Thursday, May 06, 2010

Bangkok Adventure


Bangkok has been rocked by civil unrest amidst the protests of the thousands of ‘red shirts’ demonstrators in the streets of Bangkok since March this year.


The tourism industry of Thailand has been severely affected with many countries issuing travel advisories for its people against Bangkok. Thailand used to be a country of smiles and a popular travel destination for many and it is hence it is really a regret that this good country blessed with no foreign occupations, natural resources and friendly people is now a cauldron of political and civil upheaval!


My wife and I had our share of adventures in Bangkok. No, we did not visit Bangkok at the time where the ‘red shirts’ were protesting, neither did we join them. Our adventure was related to something that many Singaporeans have taken for granted: a liveable and comfortable cityscape.
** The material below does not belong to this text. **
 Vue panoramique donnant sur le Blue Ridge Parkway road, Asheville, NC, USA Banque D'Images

When I visited Bangkok the other time with my wife, what left an indelible impression on me and my wife was the ‘fantastic’ roads!
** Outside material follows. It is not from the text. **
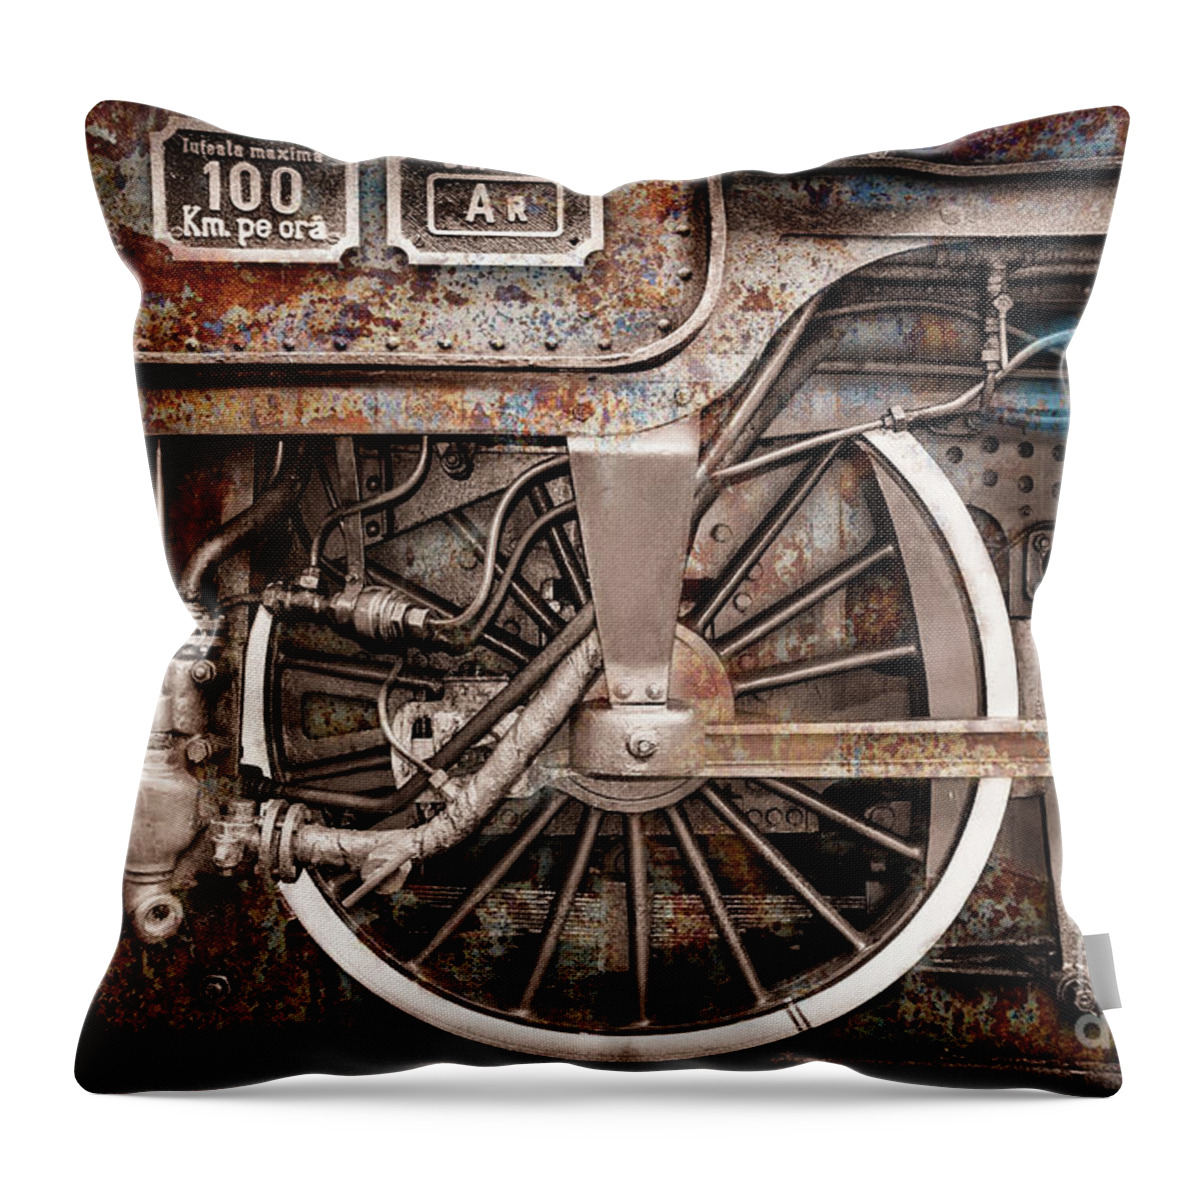 Rail Wheel Throw Pillow featuring the photograph Rail Wheel Grunge Detail, Steam Locomotive 06 by Daliana Pacuraru

I still recalled fondly the “cultural shock” my wife and I had on the first day we stepped out of our hotel in Bangkok to make our way to some of the biggest shopping malls in South East Asia. We were shocked to be confronted with such disorderliness of the roads! There were no pedestrian crossings, no traffic lights for pedestrians, and cars, tutus, motorbikes were all over the place, just inches away from us! To cross the road, one simply cannot wait for a motorist to give way to us; we had to make a dash fast and quick to the opposite end. There were also no pavements near our hotel and we realised that having completed the ‘feat’ of crossing the road, our share of ‘close shaves’ were far from over: we had to ‘make-do’ with the sides of the roads as pavements and contended with the dozens of cars, taxis, motorbikes, bicycles as well as pedestrians for walking space all within the same congested roads!


It was such a miracle not to be killed by the simply chaotic roads. The moment we stepped out of the hotels to be greeted by the road madness, we actually asked ourselves whether we had come to the right place. After the first day of long walk from Indra’s place, past Pratuman market, Central World and finally to Mah Bo Kong, we were immensely tired already and the very fact of having to pass through the dangerous roads, navigate through the masses of vehicle and people simply was simply discomforting to us.


We had in our hands heavy bags of goodies to bring back to Singapore. Then we recalled having to buy some bottles of water to last us through the nights, I brought three 1.5 litres of mineral water from a nearby 7-11 and stuffed them all in my haversacks. With the few heavy bags of goodies in my hands as well as the few kilograms of water in my haversack, I felt like a commando, ready for battle! My battle was the messy traffic and roads as well as escorting my little princess (my wife) back to our hotel!


The next two days, we grew more familiar of the roads and pavements in Bangkok. I must add that there is orderliness amidst the disorderliness of the roads: the locals had simply no problem to cross the roads. They do not rush across the roads, they simply walked slowly, oblivious to the traffic coming and the ongoing cars simply gave way to them just in time before an accident is to occur! To all Singaporean readers, let us feel grateful that we have a world-class land transport system here in our country!